Kämpfen bis zum Umfallen: Mit aggressivem Pressing ringt der Hamburger SV den übermächtigen Bayern ein 0:0 ab. Alles Glück oder ein genialer Coup des neuen HSV-Trainers Josef Zinnbauer?
Tobender Jubel, laute Gesänge, Standing Ovations. Am Samstagnachmittag um 17.15 Uhr glich dass Hamburger Volksparkstadion einem Tollhaus. Man könnte meinen, Ernst Happel sei aus dem Reich der Toten zurückgekehrt und habe den HSV zum siebten Meistertitel geführt. Doch was die Fans so ausgiebig feierten war kein Titelgewinn, sondern ein 0:0 gegen den Rekordmeister FC Bayern.

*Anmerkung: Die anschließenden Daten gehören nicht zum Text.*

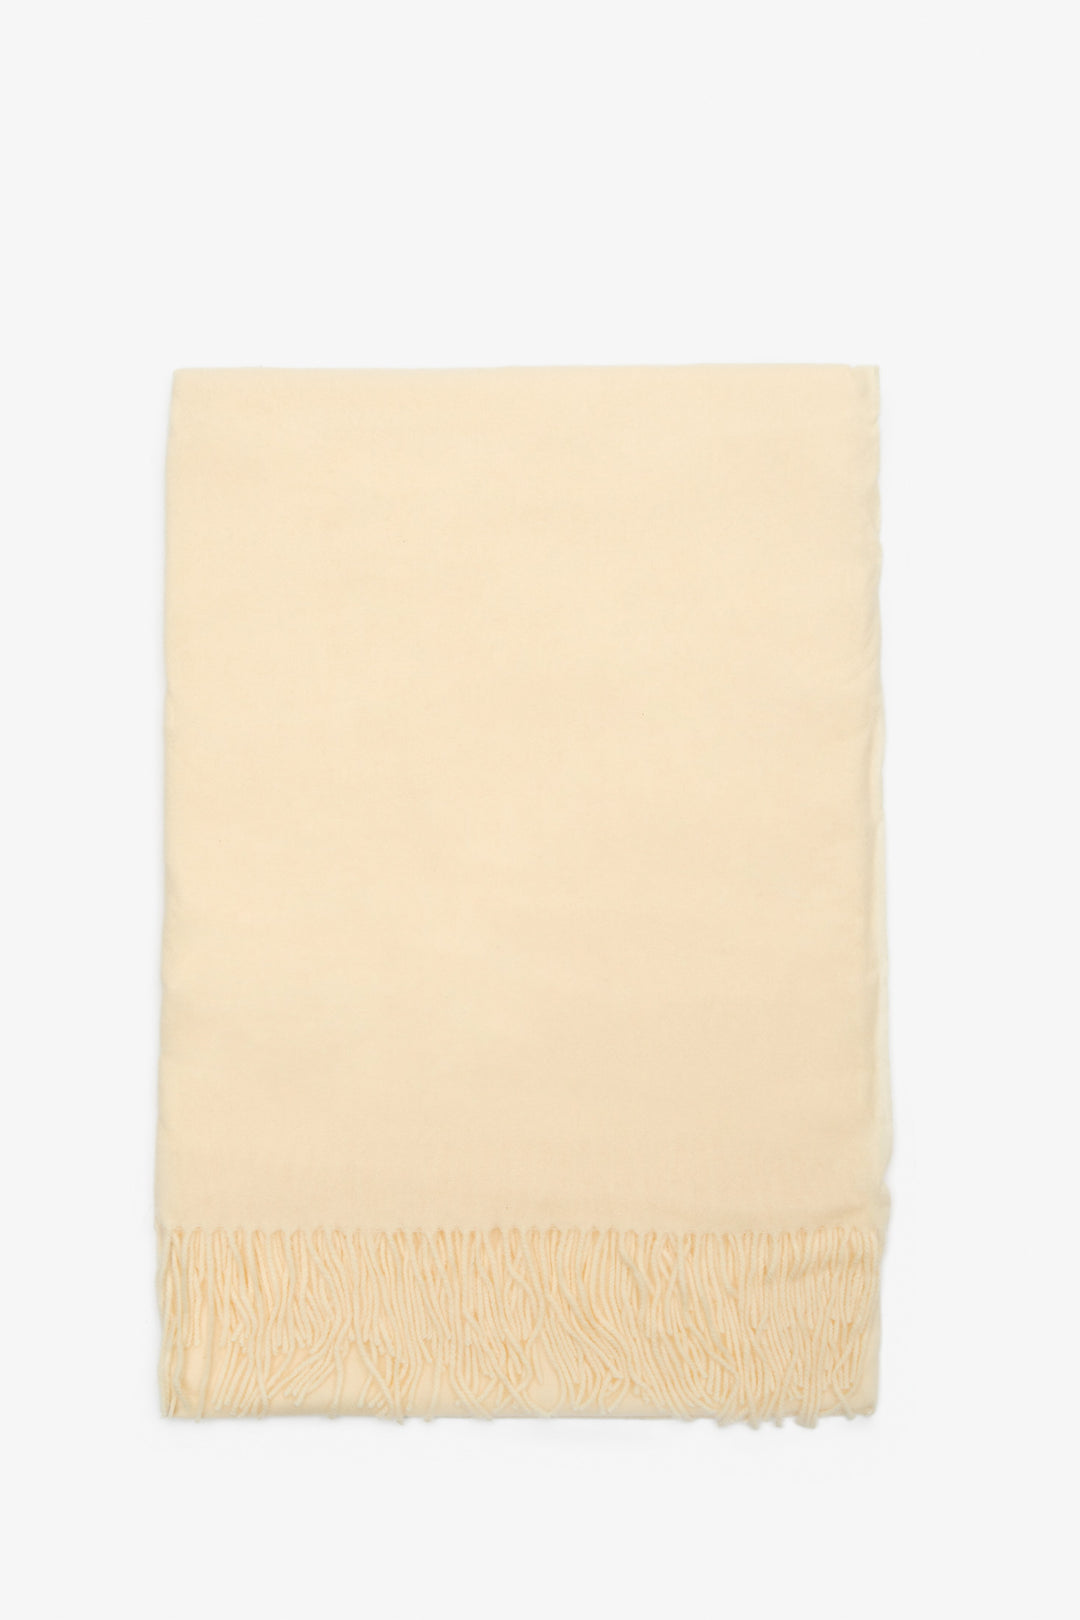 Women's light beige scarf by Estro.

Zinnbauers neue Pressing-Strategie
Der Jubel war begründet. Nach schwachen Leistungen zum Saisonbeginn zeigte sich der HSV vor allem kämpferisch verbessert. Einen Anteil daran hatte der neue Coach Josef Zinnbauer, der seinem Team eine veränderte Pressing-Strategie einimpfte. Statt im 4−4−2 an der Mittellinie abzuwarten und den Gegner kommen zu lassen, ging der HSV früh drauf. Schon weit in der gegnerischen Hälfte störte der Underdog die Bayern.
Lewis Holtby und Pierre-Michel Lasogga waren die Vorhut im Pressing. Sie lenkten das Aufbauspiel auf die Flügel, wo der HSV versuchte, die Außenverteidiger der Bayern zu isolieren. Dazu rückte auch Tolgay Arslan aus dem Sechserraum raus. Der HSV presste mit einem engen 4−1−3−2, das den ballführenden Münchener auf dem Flügel einschnürte.
Die Abläufe im Pressing funktionierten wesentlich besser als in den vergangenen Wochen. Die Abwehrkette rückte geschlossen auf und die Außenverteidiger leicht ein, um im Zweifelsfall im Zentrum aushelfen zu können. Alle HSV-Spieler kämpften und fraßen Gras, sodass sie das hohe Pressing fast bis zum Schlusspfiff aufrechterhalten konnten.
Bayern mit Orientierungsproblemen
Zwar gewannen die Hamburger mit dieser neuen Strategie kaum Bälle in der gegnerischen Hälfte – dafür waren Dante, Jerome Boateng & Co. zu abgeklärt und zu ballsicher. Dennoch behinderte der HSV den Spielaufbau effektiv. Die Bayern konnten in ihrem 4−3−3 nicht die Zonen ansteuern, die sie bespielen wollten. Der HSV schloss die Passwege auf die beiden Achter David Alaba und Pierre Emile Hojberg. Die Bayern ließen sich früh auf den Flügel lenken, von wo aus sie nicht mehr zurück ins Zentrum fanden.
Den Bayern machte nicht nur das enge 4−4−2 der Hamburger zu schaffen, das die Hamburger am eigenen Sechzehner aufbaute, sobald die Bayern das Pressing umspielten. Den Bayern fehlten die Verbindungen im Spiel, sowohl zwischen Abwehr und Angriff als auch zwischen den Flügeln. Philipp Lahm musste sich als Spielmacher tief fallen lassen, um eine Anspielstation gegen das Hamburger Pressing zu schaffen. In der gegnerischen Hälfte fehlte ein Verbindungsspieler, der zwischen den zerstückelten Mannschaftsteilen die Bälle verteilt. So wirkte das Spiel der Bayern zuweilen abgehackt, Kombinationen über mehrere Stationen gab es nur selten.